Omit all pictures, then retype exactly the lines from the one that contains "Die Orgel im" through the end of the listing.

------ SOURCE DATA ------

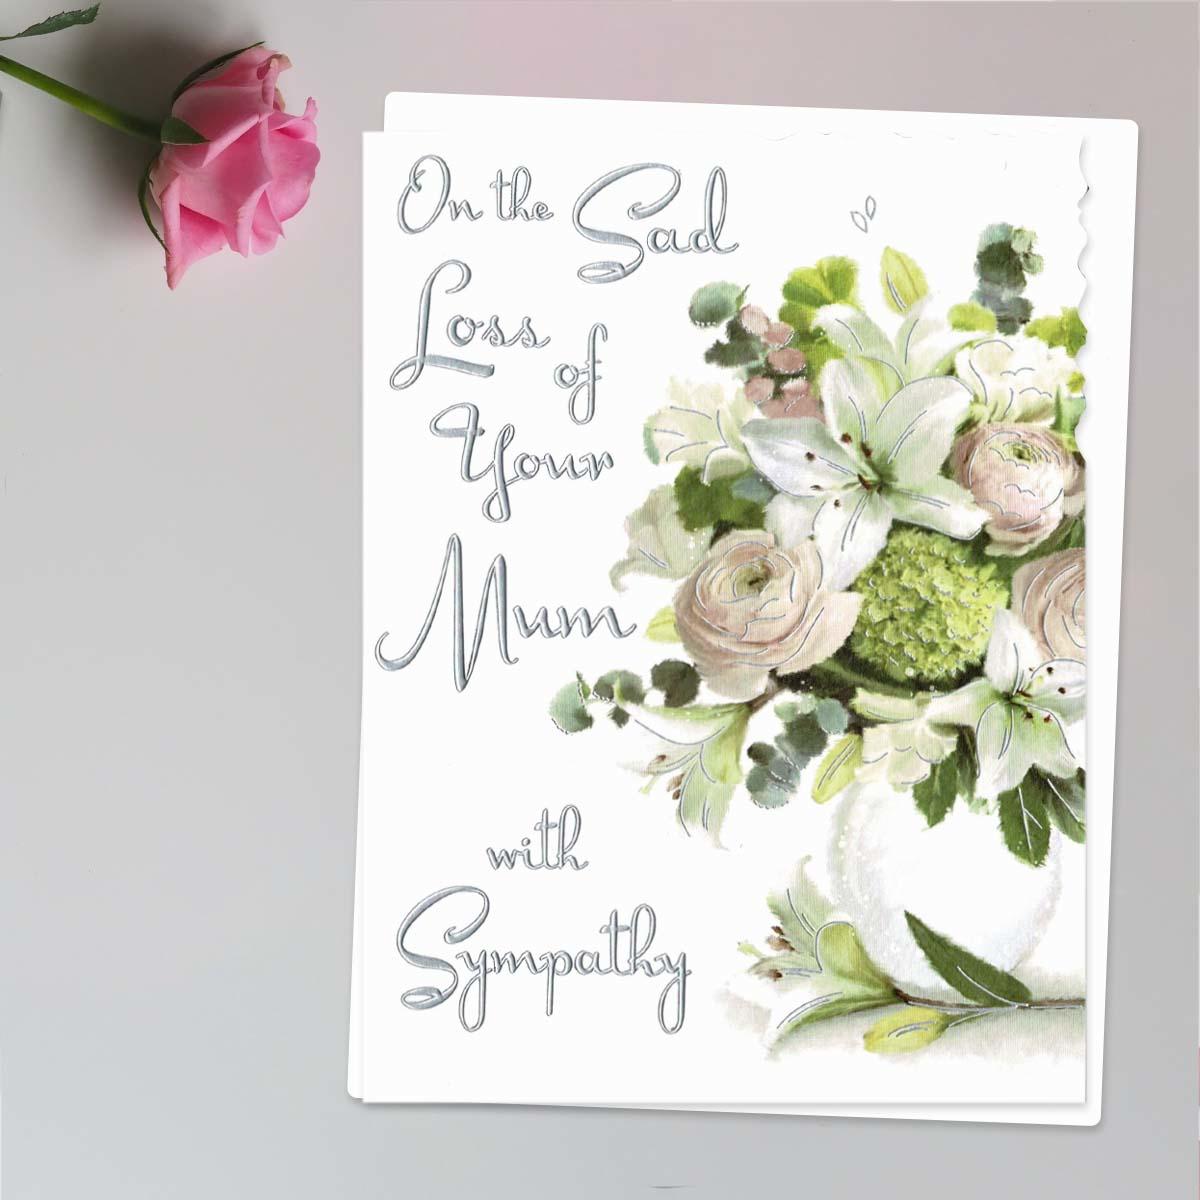 Sympathy - Sad Loss Of Mum Card Front Image
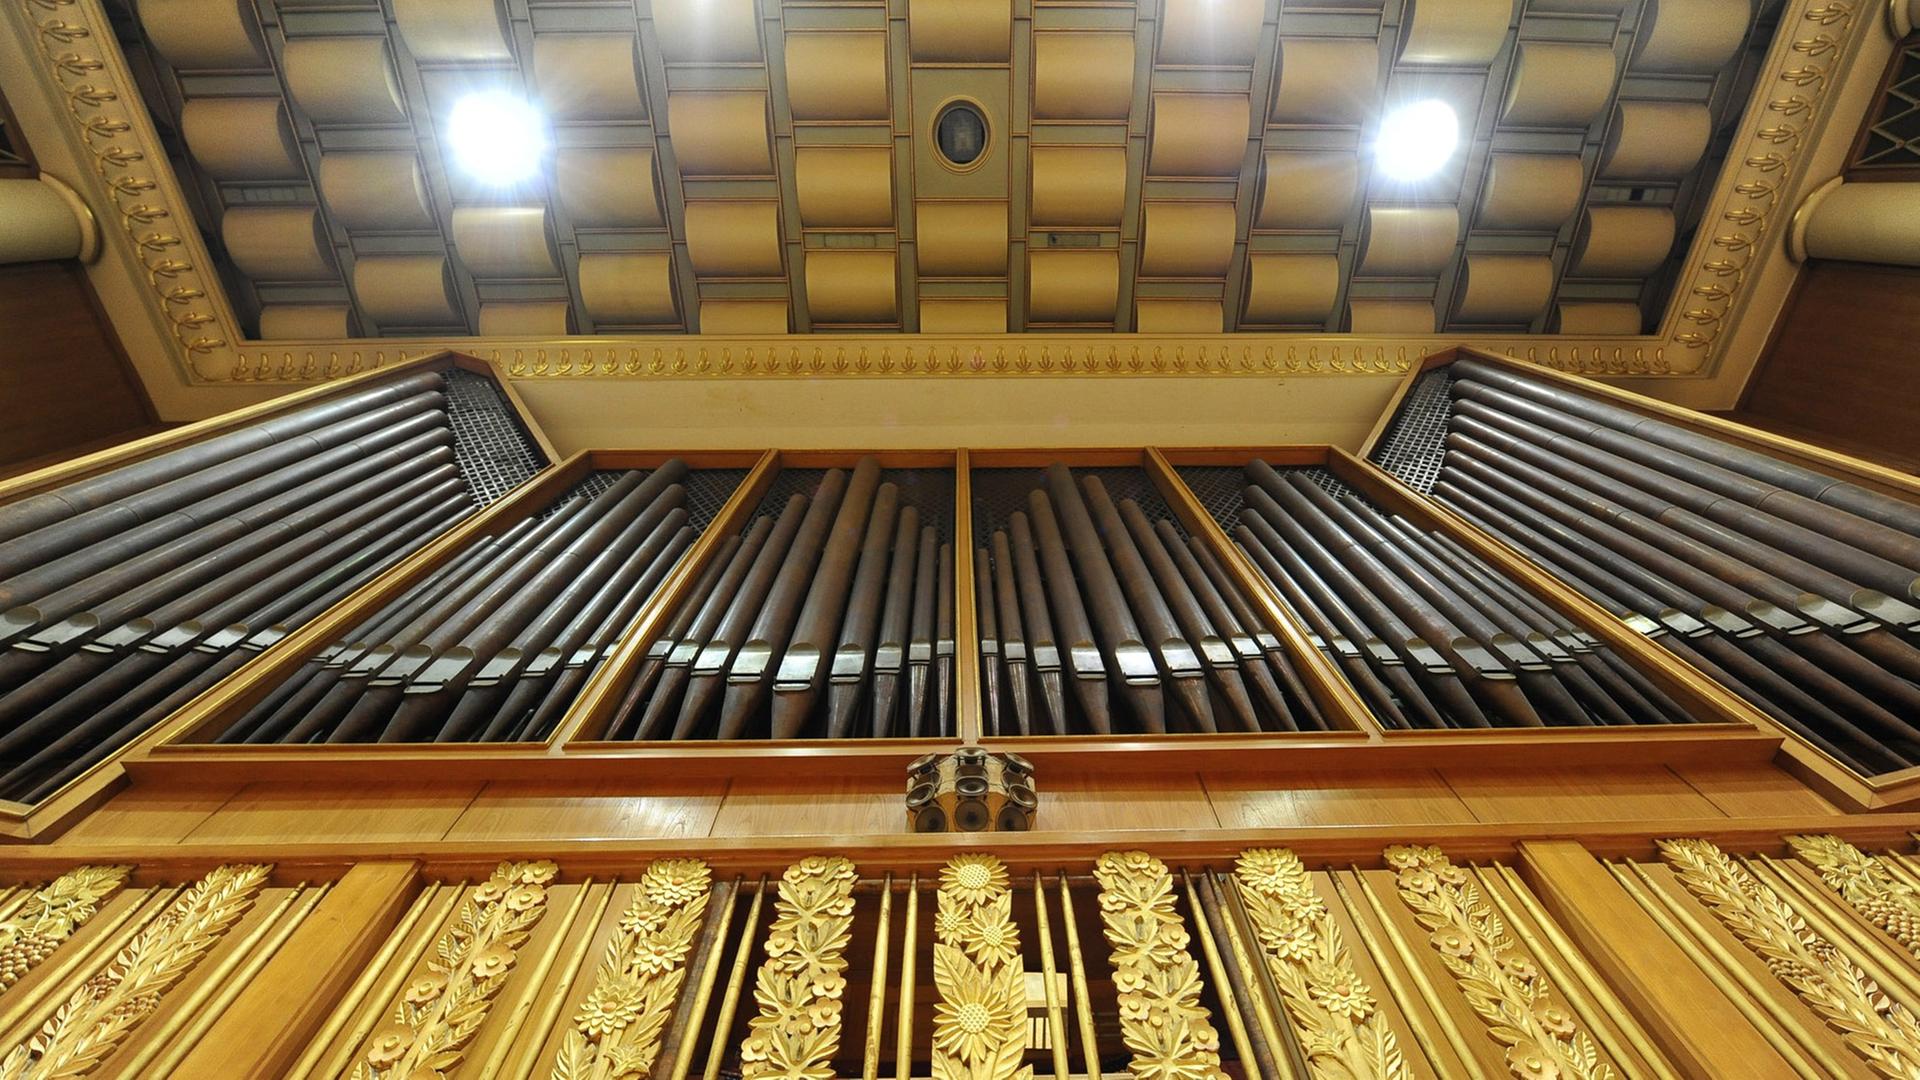 Die Orgel im großen Musiksaal im Funkhaus Berlin in der Nalepastraße in Berlin, aufgenommen am 21.04.2009.
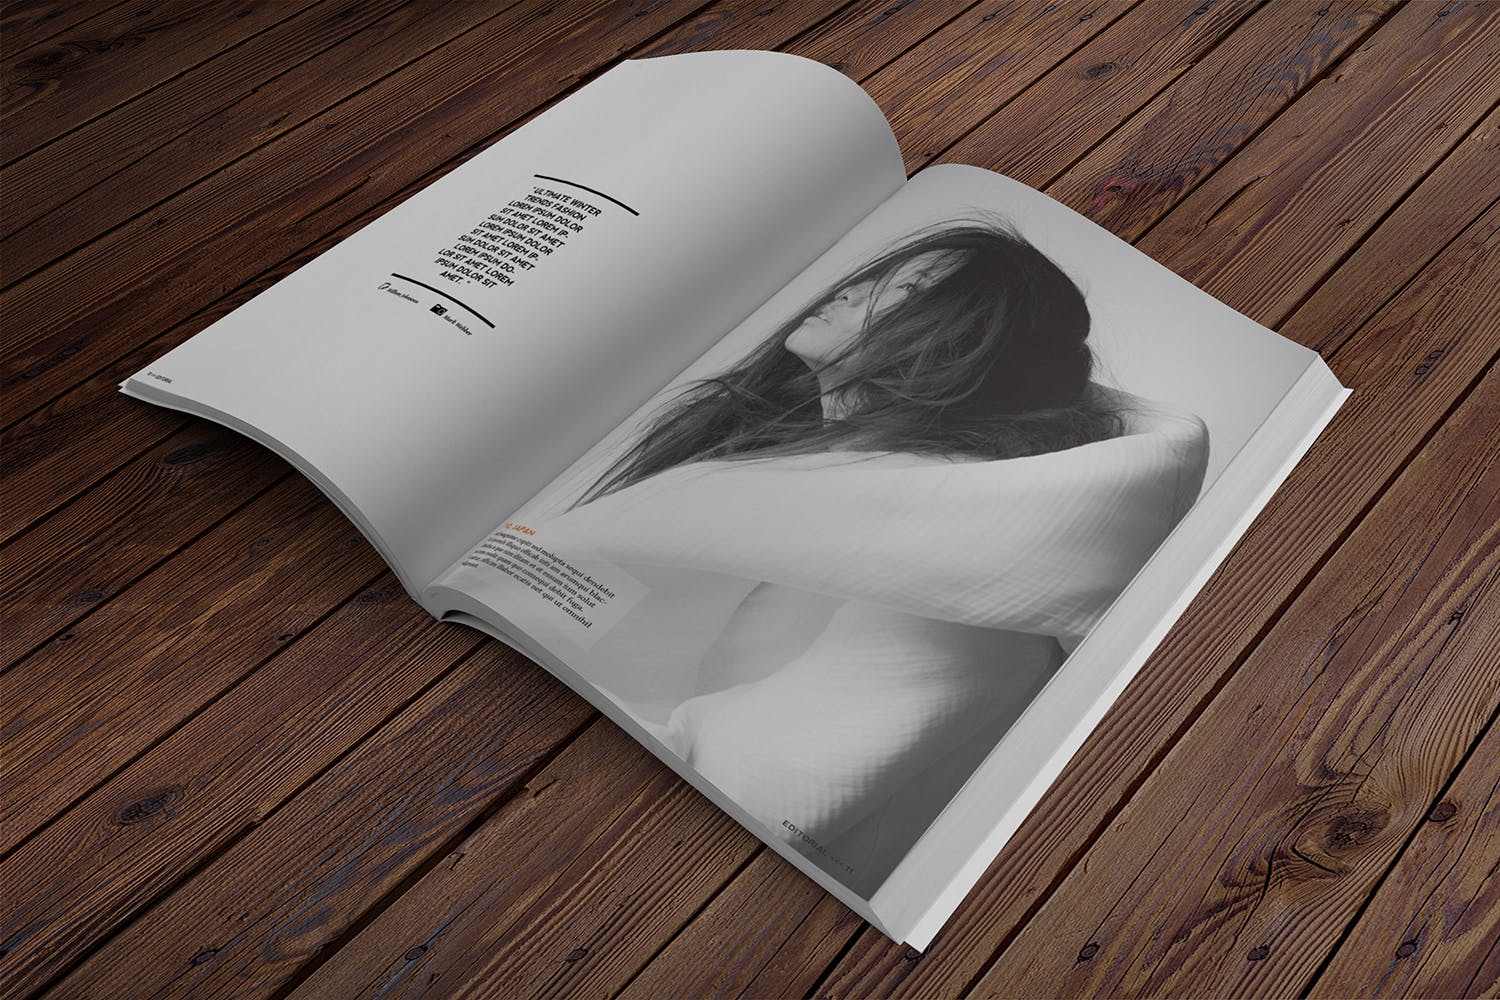 杂志内页排版设计透视图样机16图库精选 Magazine Mockup Perspective View插图(2)

------

RESULT FOR THIS EXERCISE:
 Die Orgel im großen Musiksaal im Funkhaus Berlin in der Nalepastraße in Berlin, aufgenommen am 21.04.2009.
 杂志内页排版设计透视图样机16图库精选 Magazine Mockup Perspective View插图(2)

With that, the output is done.